The Apostasy of the Anarchist Vote

“If voting changed anything, they’d make it illegal,” declared Emma Goldman in a ringing indictment of the feeble mechanism by which the state claims to be restrained and directed. Of course, in invoking this quote anarchists argue against counting upon elections to change the status quo. We aren’t going to bring about the voluntary society by listening to politicians, casting votes for them, and pressuring them to abolish their own offices. The statist means and the anarchist ends are clearly opposed.

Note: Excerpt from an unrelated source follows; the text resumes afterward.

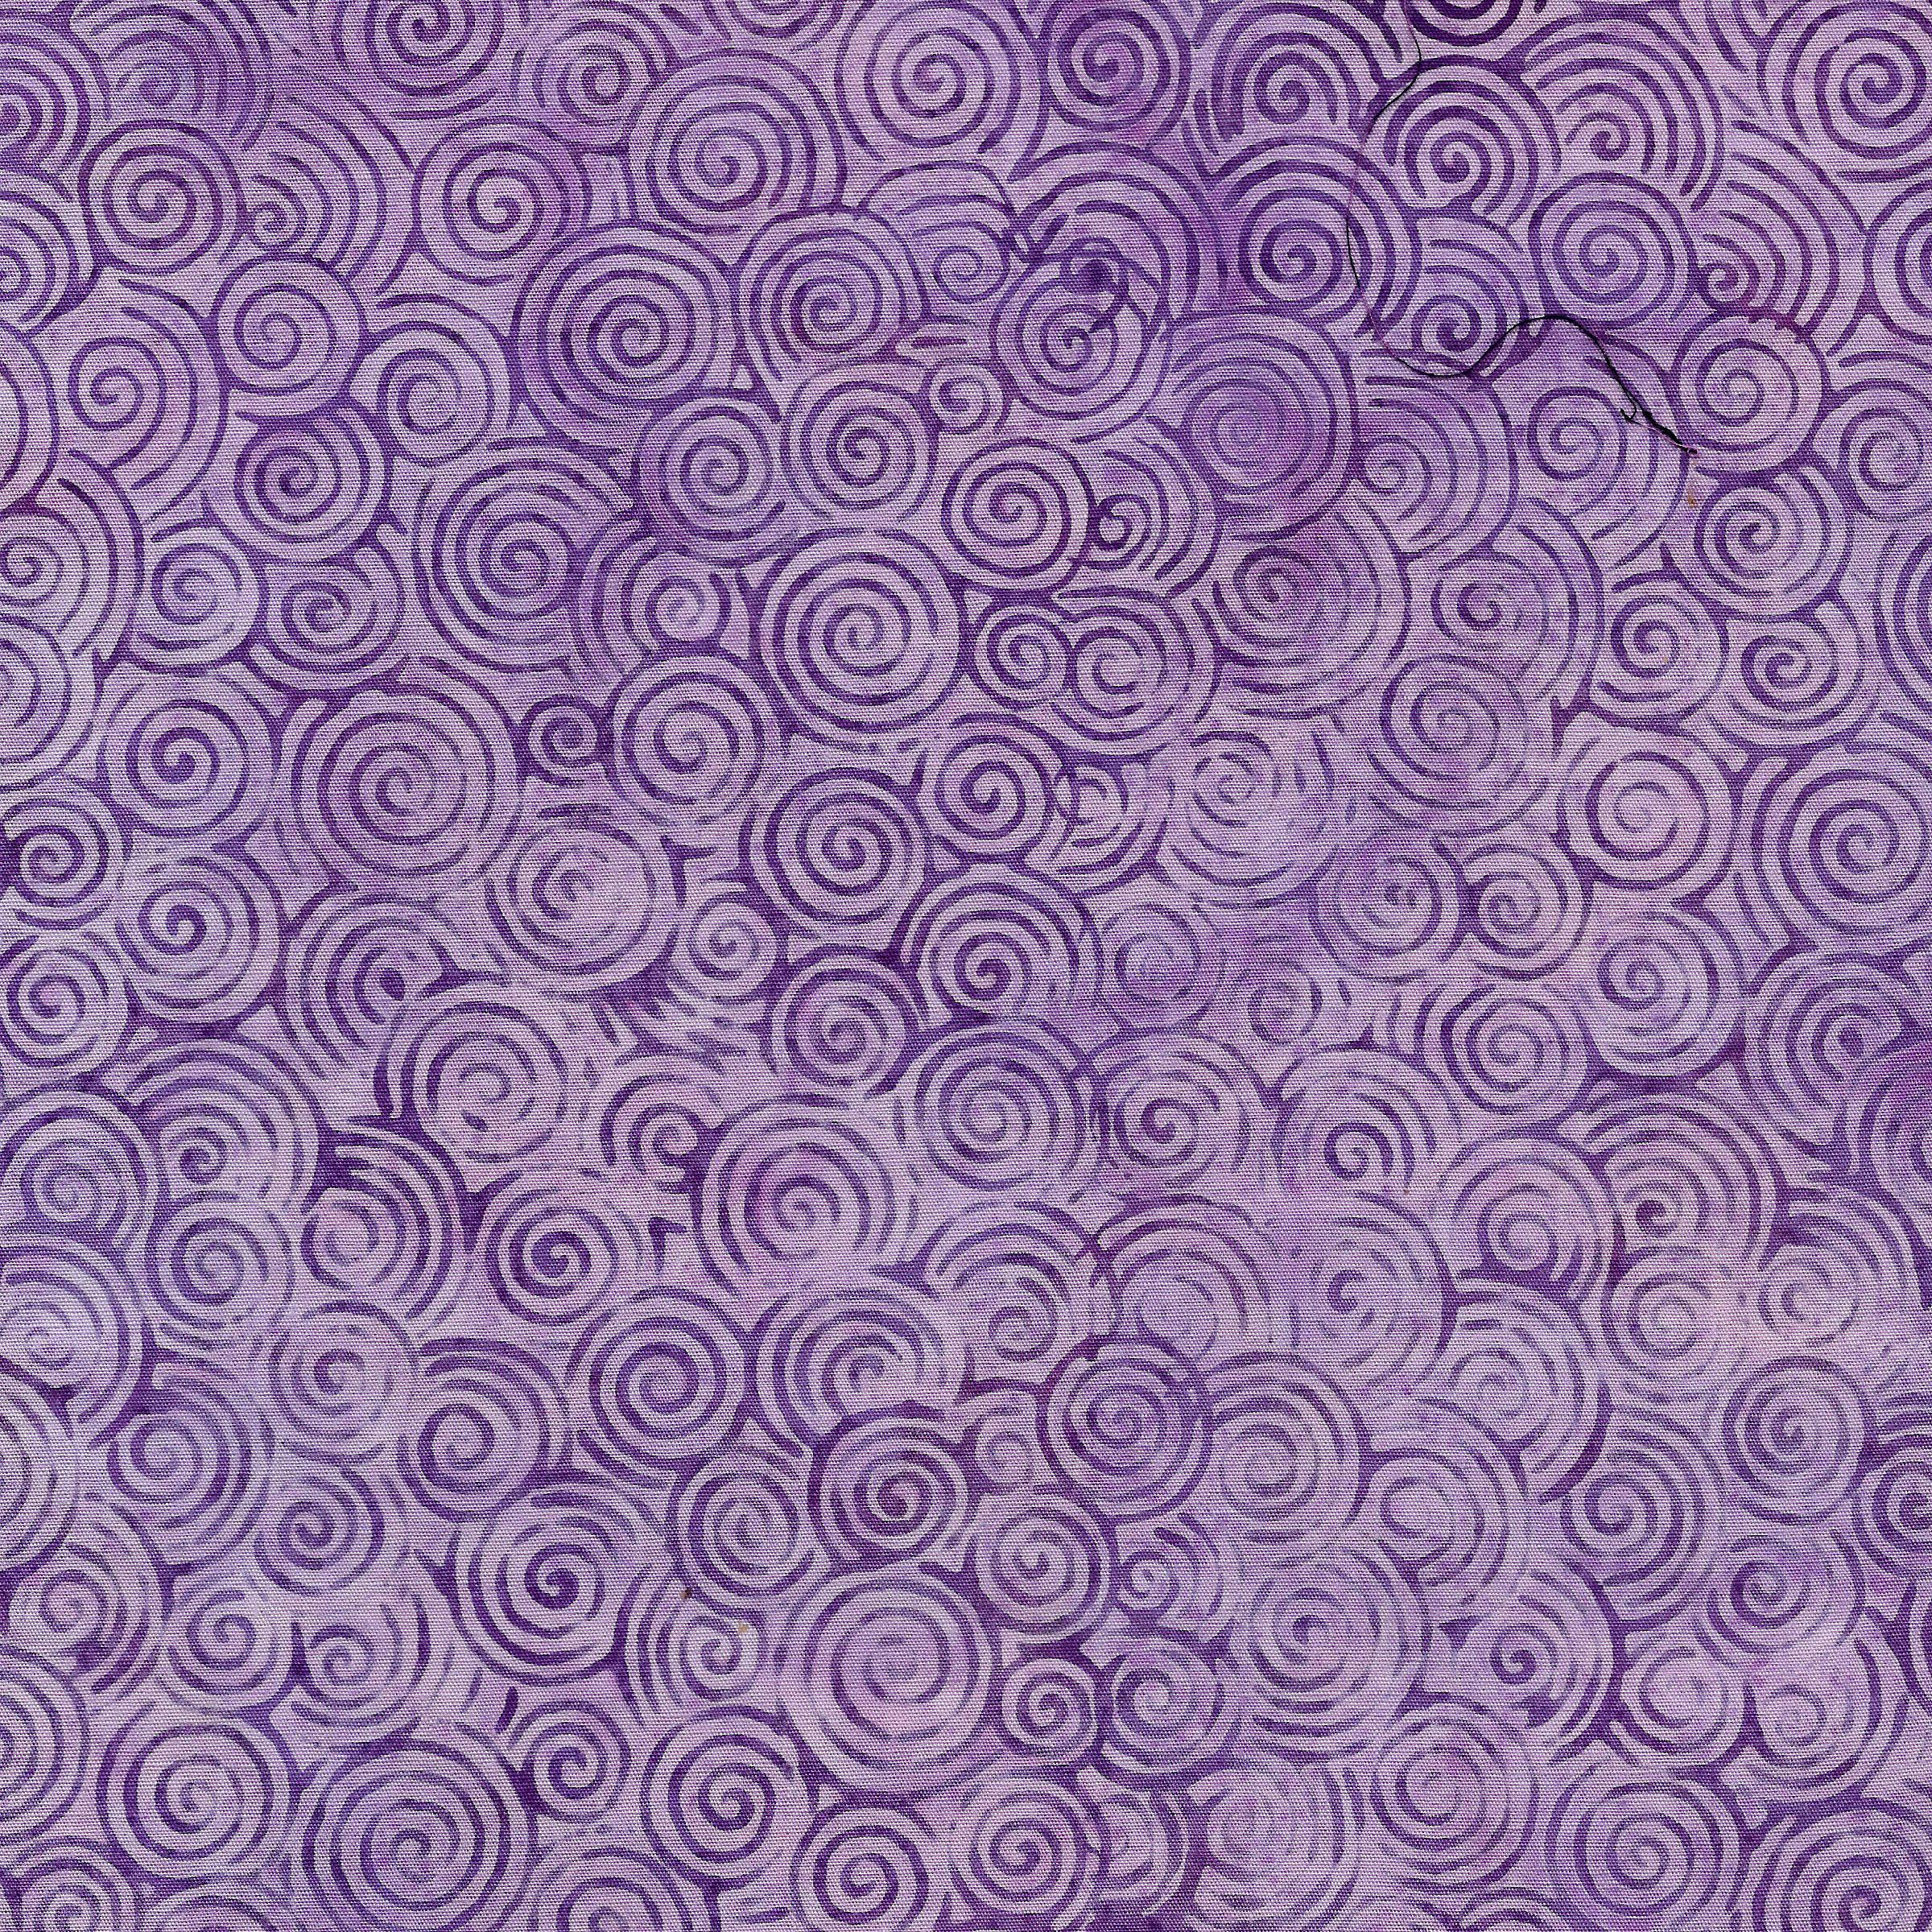 111908440 / Swirls-Wisteria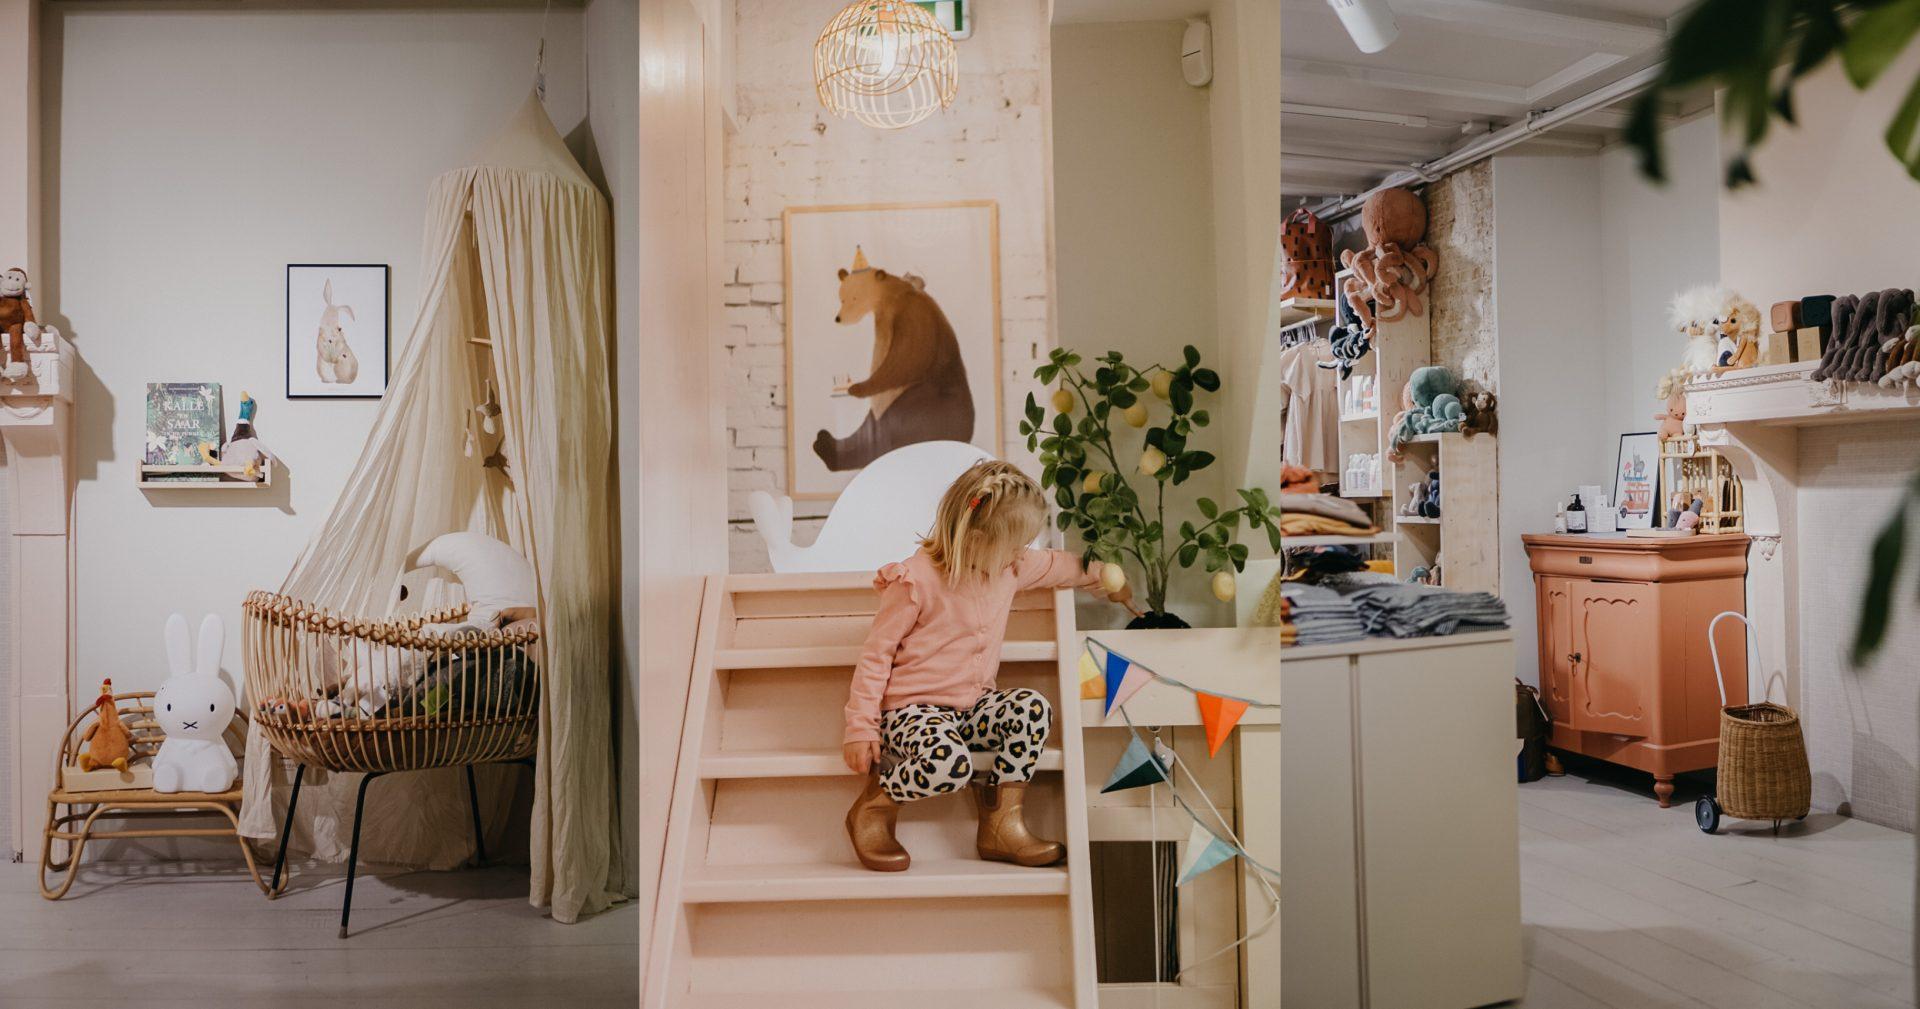 kindermodeblog musthaves kinderkledingwinkel vierseizoenen leeuwarden

But there’s another argument against voting: that by casting a ballot, one registers endorsement of the state and its violence. Advocates of this argument do not hold that you must have chosen the politician who wields power. They disregard personal intent, interests, and any issues at hand. The argument is quite simple: by participating in the election, one is bound to its results. Given the anarchist view of those results – violence, fraud, and lies – one can only conclude that voting makes one an accessory to the crime.

This constitutes a body blow for those who define themselves by their rejection of the authoritarianism so intrinsic in the state. It’s one thing for voting to be a silly ritual. But a decidedly different attitude must be adopted if pulling the voting lever leaves one with blood-stained hands. Faced with such an awful truth, the task becomes one of avoiding complicity with the system. An absolute break with the state is the only path of conscience.

In theory, this break seems reasonable to achieve: one simply ceases to cooperate with its agents and directives. But the state reaches far into the world we live in. It doesn’t just direct the police, military, teachers, judges, and other bureaucrats that intervenes in obvious ways. The very civil society we seek to unleash through the spirit of voluntarism, mutual aid, freedom, and solidarity seems hopelessly bound up in the state.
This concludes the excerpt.